- **Prompt**
Transcribe all of the data verbatim, please, and leave out its pictures.

- **Material provided**
Segment Open

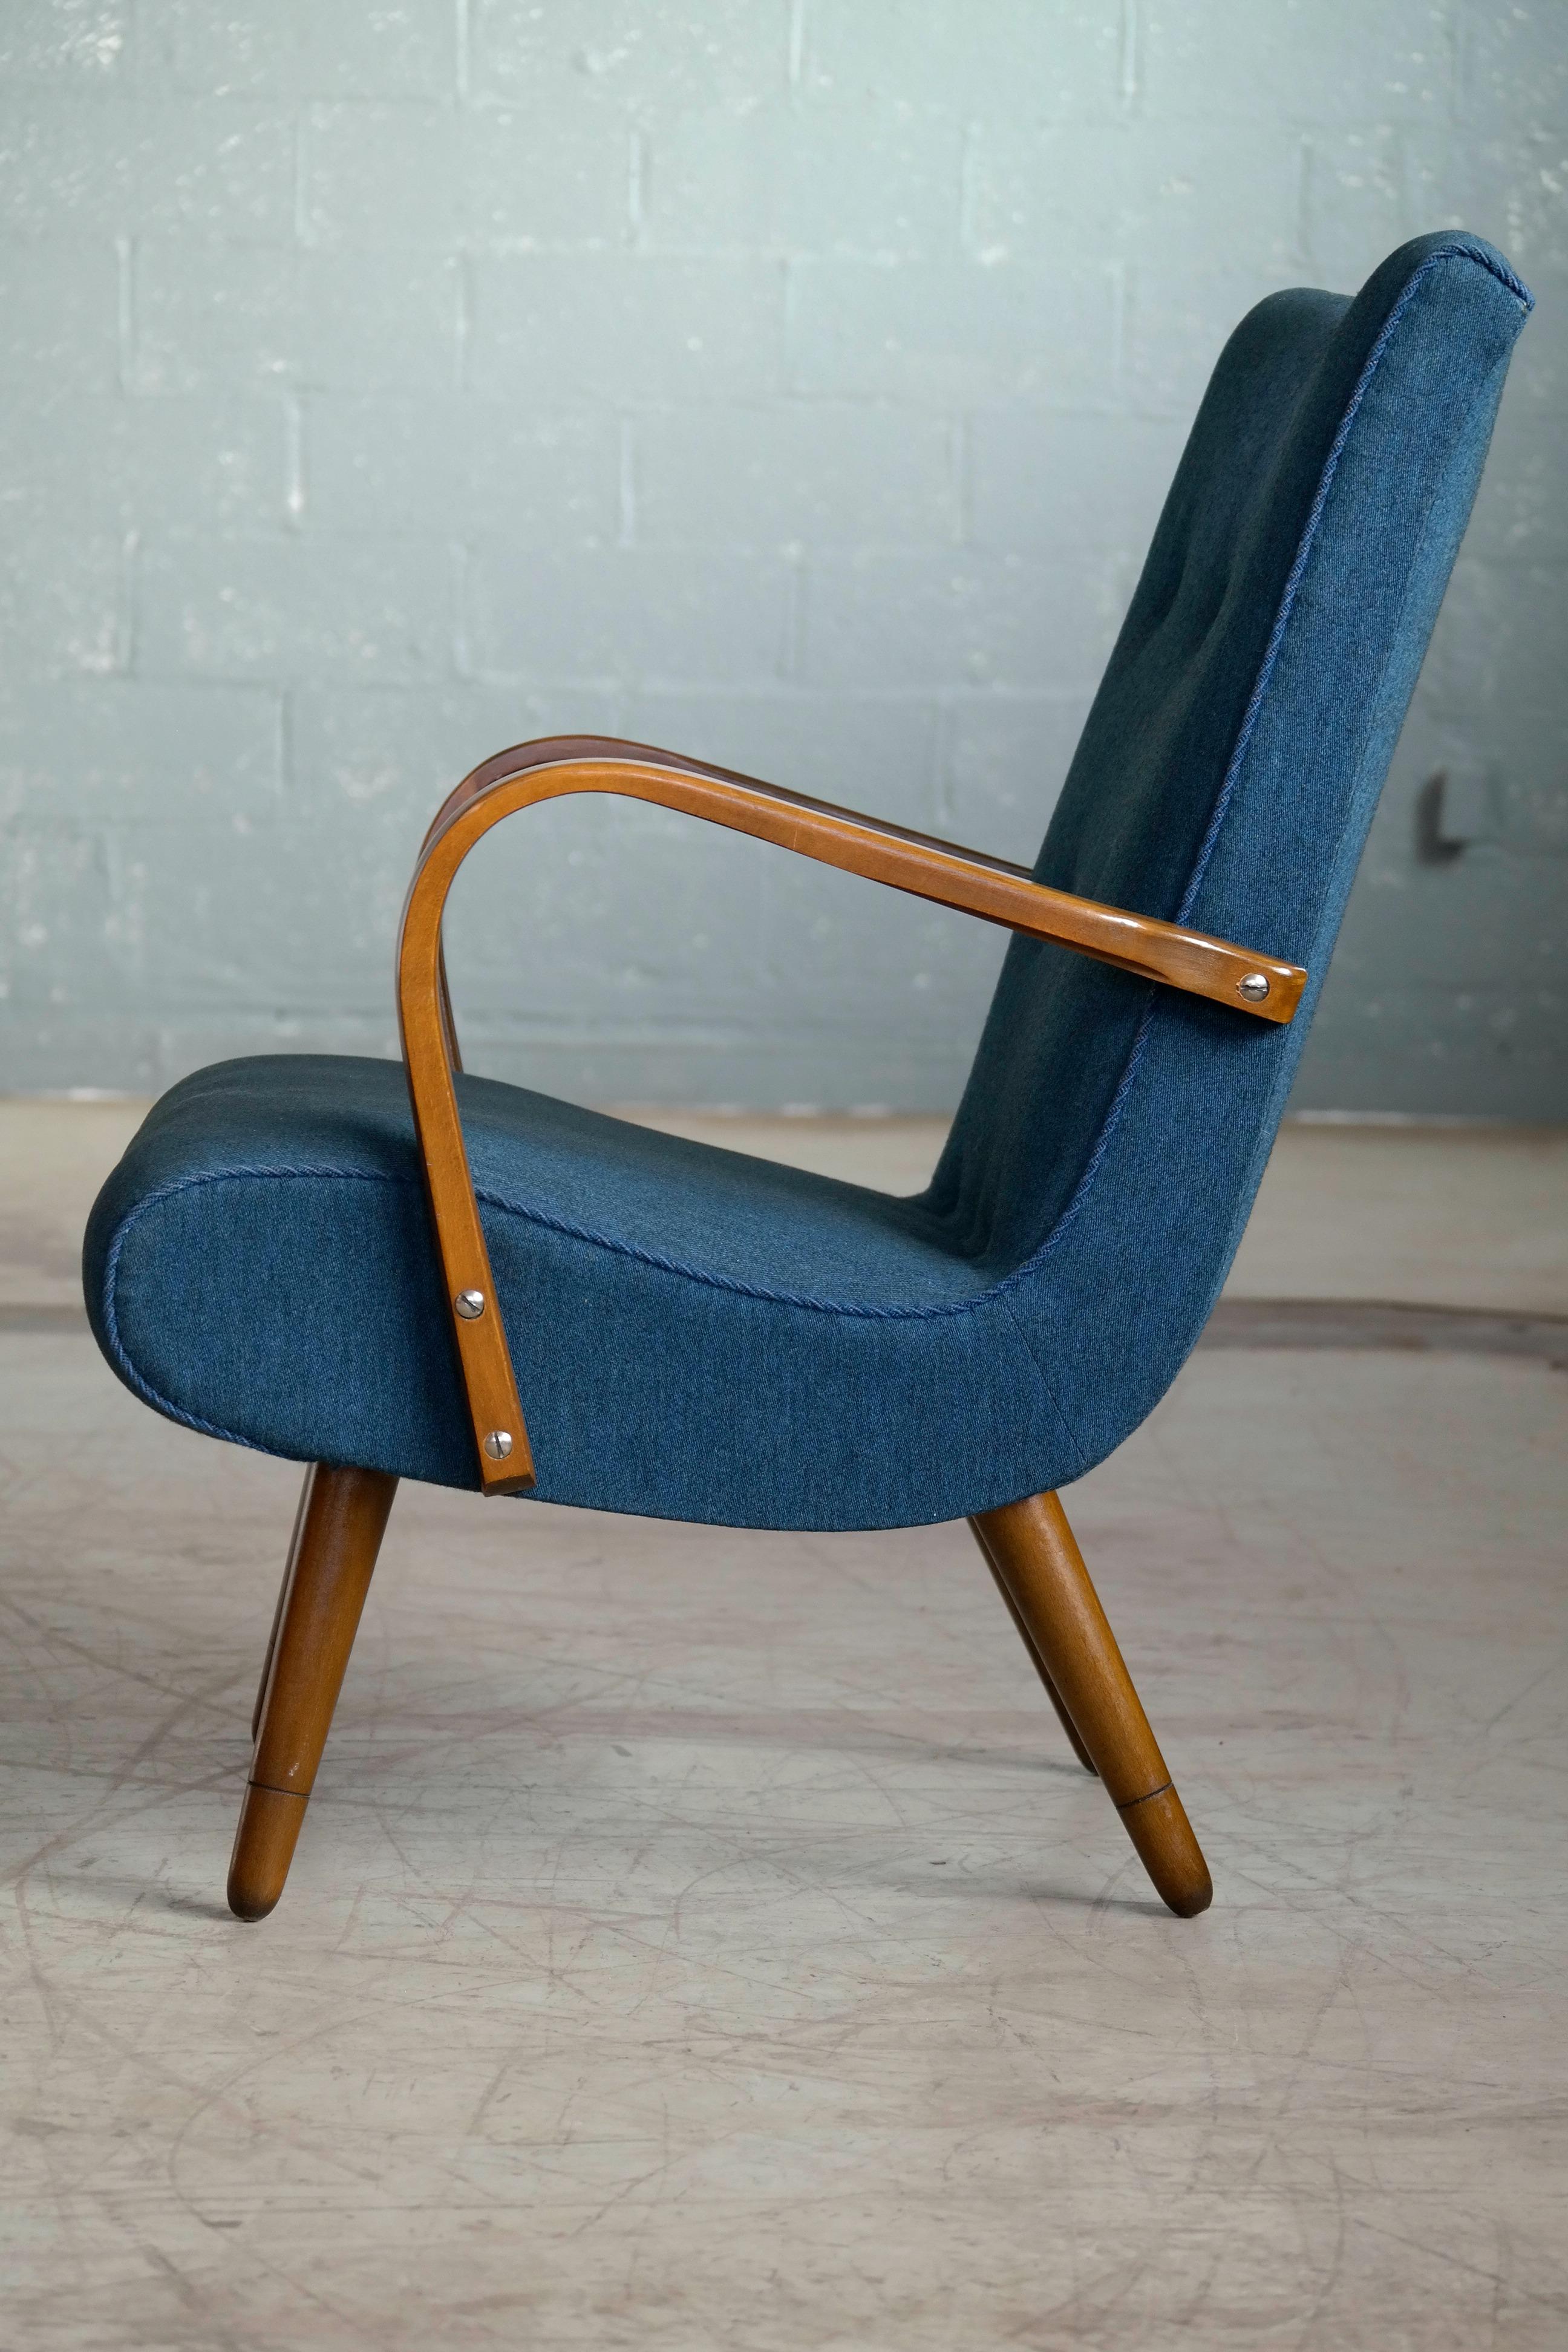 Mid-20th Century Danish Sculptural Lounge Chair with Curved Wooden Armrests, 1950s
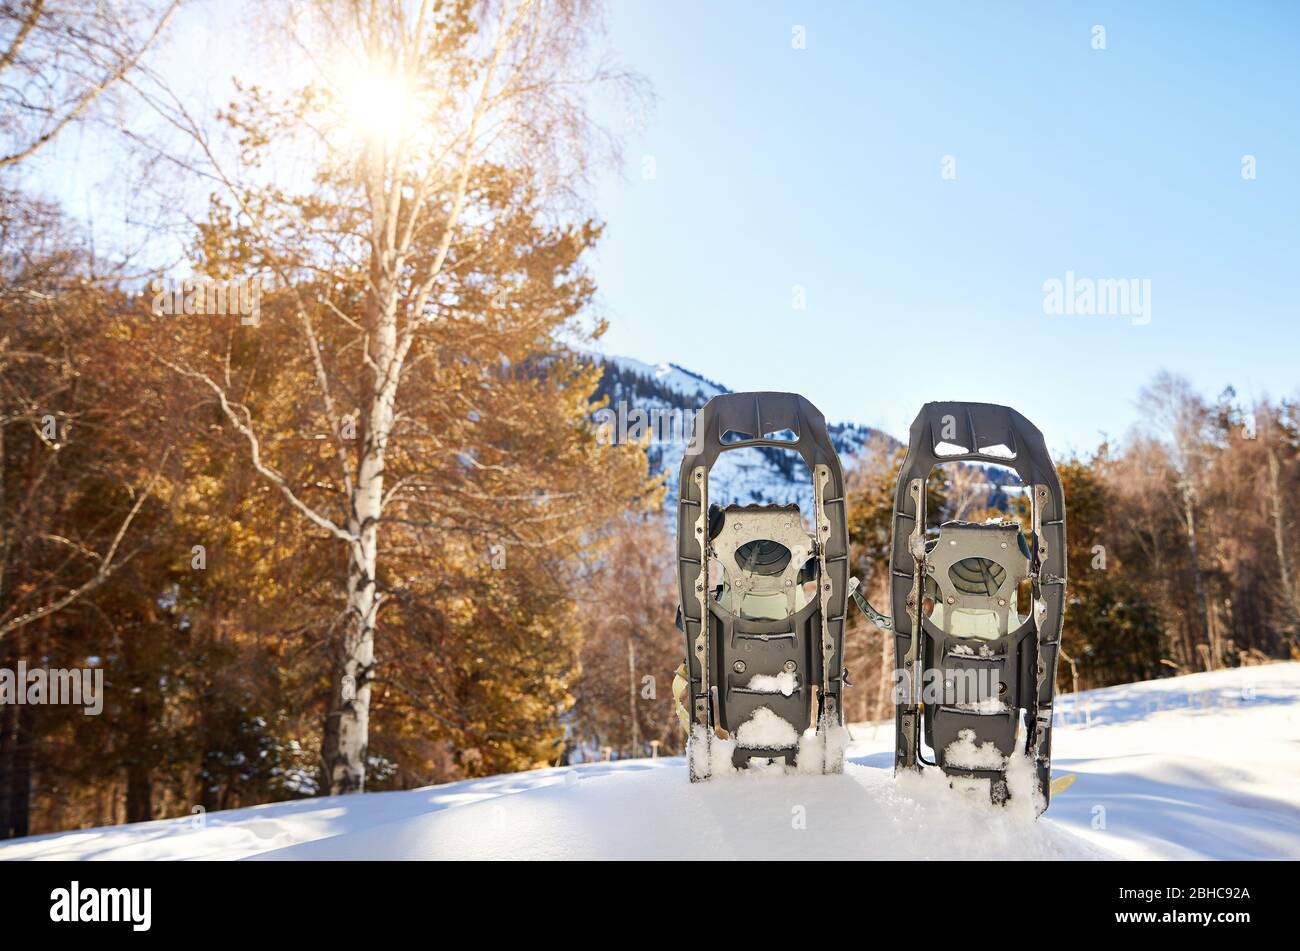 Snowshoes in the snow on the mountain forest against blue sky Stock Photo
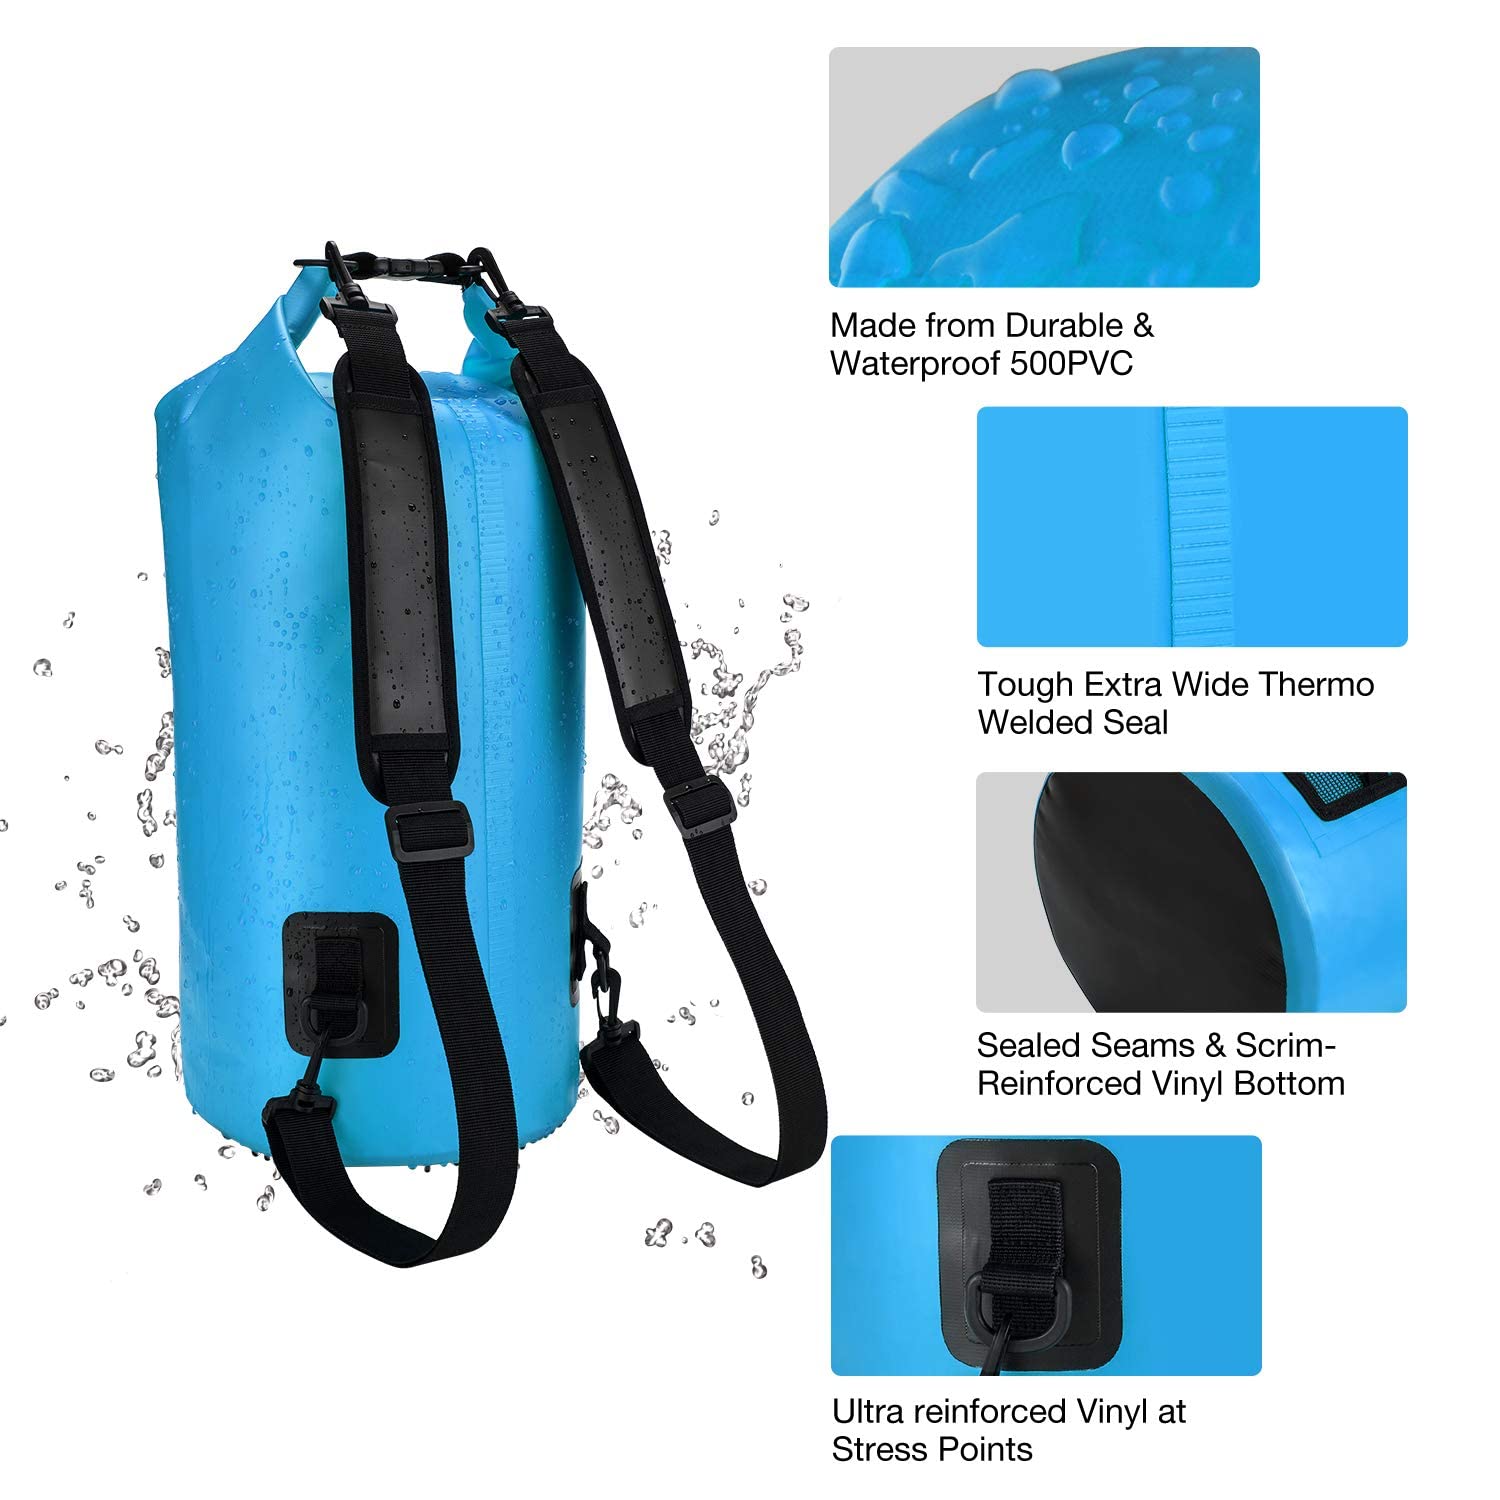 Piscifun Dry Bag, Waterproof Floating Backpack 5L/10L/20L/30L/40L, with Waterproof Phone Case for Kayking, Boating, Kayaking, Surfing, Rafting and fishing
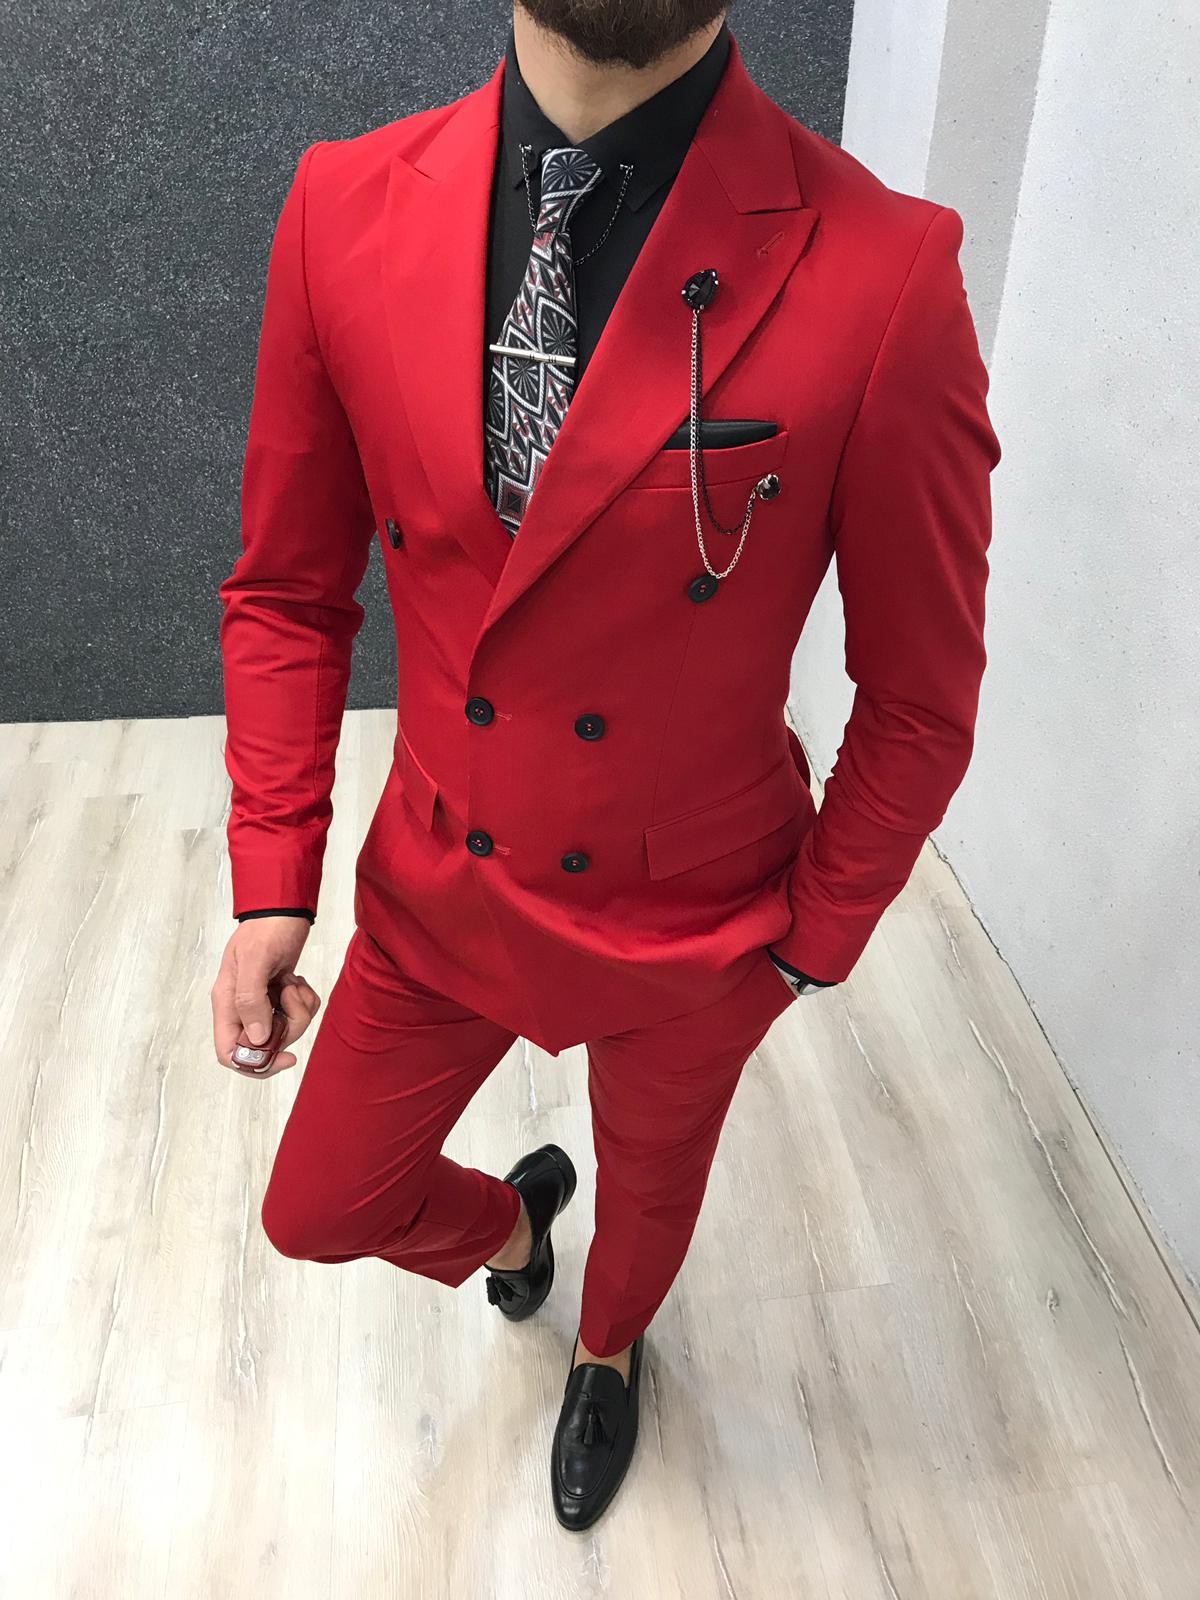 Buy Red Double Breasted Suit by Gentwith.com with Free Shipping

Segment Closed

- **Exercise solution**
 Mid-20th Century Danish Sculptural Lounge Chair with Curved Wooden Armrests, 1950s
 Snowshoes in the snow on the mountain forest against blue sky Stock Photo
 Piscifun Dry Bag, Waterproof Floating Backpack 5L/10L/20L/30L/40L, with Waterproof Phone Case for Kayking, Boating, Kayaking, Surfing, Rafting and fishing
 Buy Red Double Breasted Suit by Gentwith.com with Free Shipping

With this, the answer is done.